Hey, thanks for getting a screen name. I am extremely busy today but I will get to these questions on my lunch break or later on tonight for sure.
Webmaster
P.S. In the meantime, be sure to look up the section under Miscellaneous the section about right triangles and also look up percentages in the same section.
i am having trouble on the 1st and last problem you mentioned too...it's not hard..but it takes time...i have always skipped them...for the 2nd and 3rd problem, you can find the trick under the trig section on the main website, sorry i can't give you steps on how to do it cuz i am really really busy, i'll come back later if i can, sorry.
actually after i relooked at it, 52 is 3.25% of ______________ is easy, change 3.25 to a fraction, which is 13/4, then flip that and multiply by 52, then times 100 cuz it's a percent. so the answer is 52 x 4/13 x 100
For the % problems, it is easier to look at it in this fashion. I know you probably already know this but "is" means equals, and "of" means multiply.

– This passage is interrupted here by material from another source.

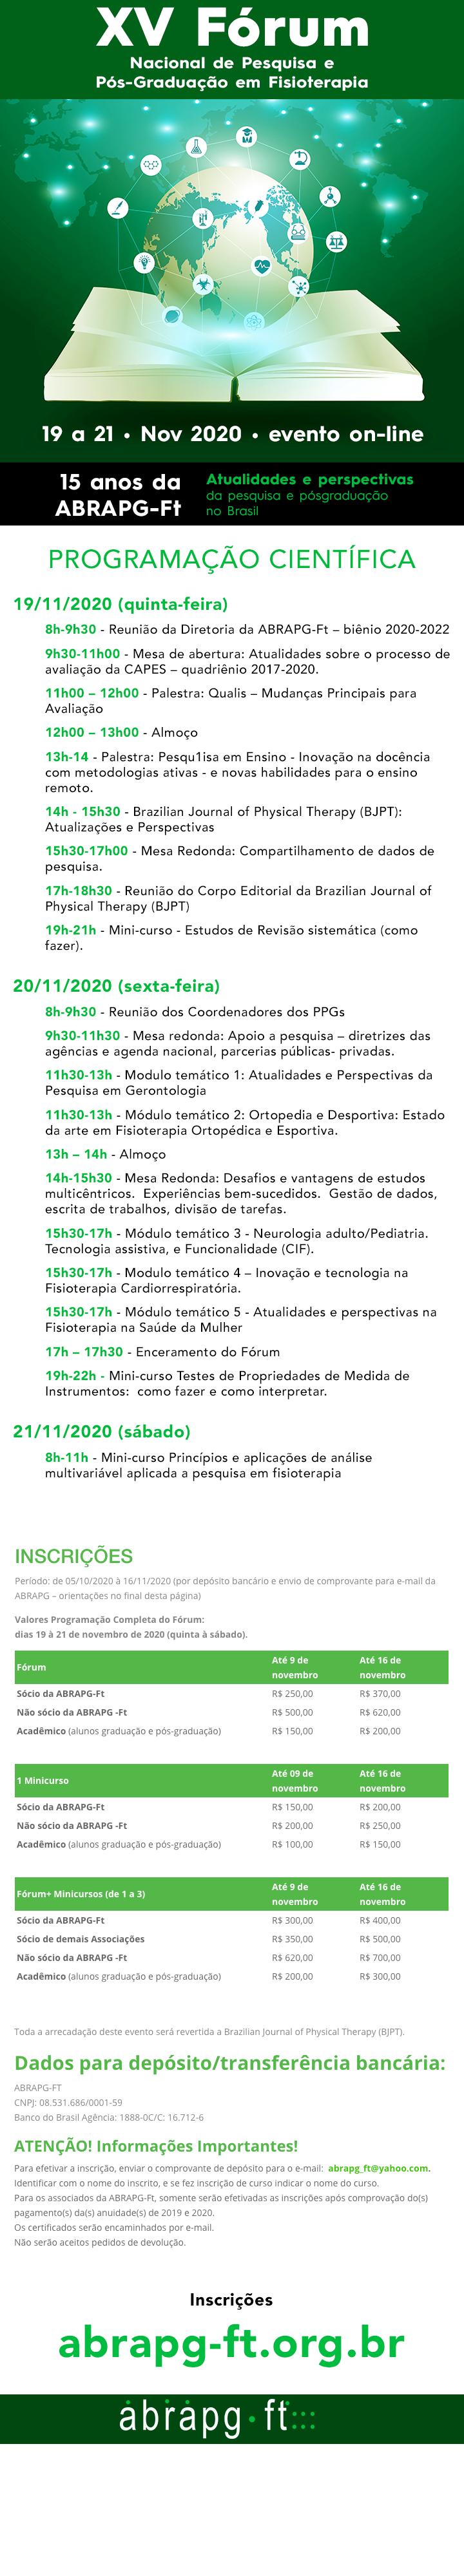 XV_email_mkt-livro.png

So for the first problem : 42% of 27 is _____% of 6% of 25.
Think of it in these terms: .42*27 = x * .06 * 25.
Solving for x we get x = (.42*27)/(.06*25) = 7 * 27/25 = 7 * 1.08 = 7.56
The answer is 756, since we are dealing with percents and not just a regular number. This isn't that hard or time consuming. You should see immediately that the decimals don't matter because they are going to cancel each other out. That leaves only 42/6 * 27/25 which is 7 * 27/25. Not too bad, but I would probably skip this one and come back after finishing the test. So...
You can't use 189/25 because this is in decimal format and you are looking for something in percent format which means you have to multiply by 100. So technically you would have 18900/25 which reduces to 756. If it had not said %, you could have used 189/25, but you have to be careful and know what they are looking for.
First off, this next method with obtuse triangles I am a little choppy on as well. This is a trick that came after my time. We know that an obtuse triangle with sides: a, b, and x would have to be between:
|a-b|<x<sqrt(a^2 - b^2) and sqrt(a^2 + b^2)<x<a+b.
Now if a and b are equal, the first section is going to be 0<x<0 which can't happen so we have to focus on the last section. So with a,b = 11 we get sqrt(242) < x < 22. The sqrt(242) is 15.something so x has to be between 16 and 21 inclusive. So the smallest value is 16 and the largest value is 21.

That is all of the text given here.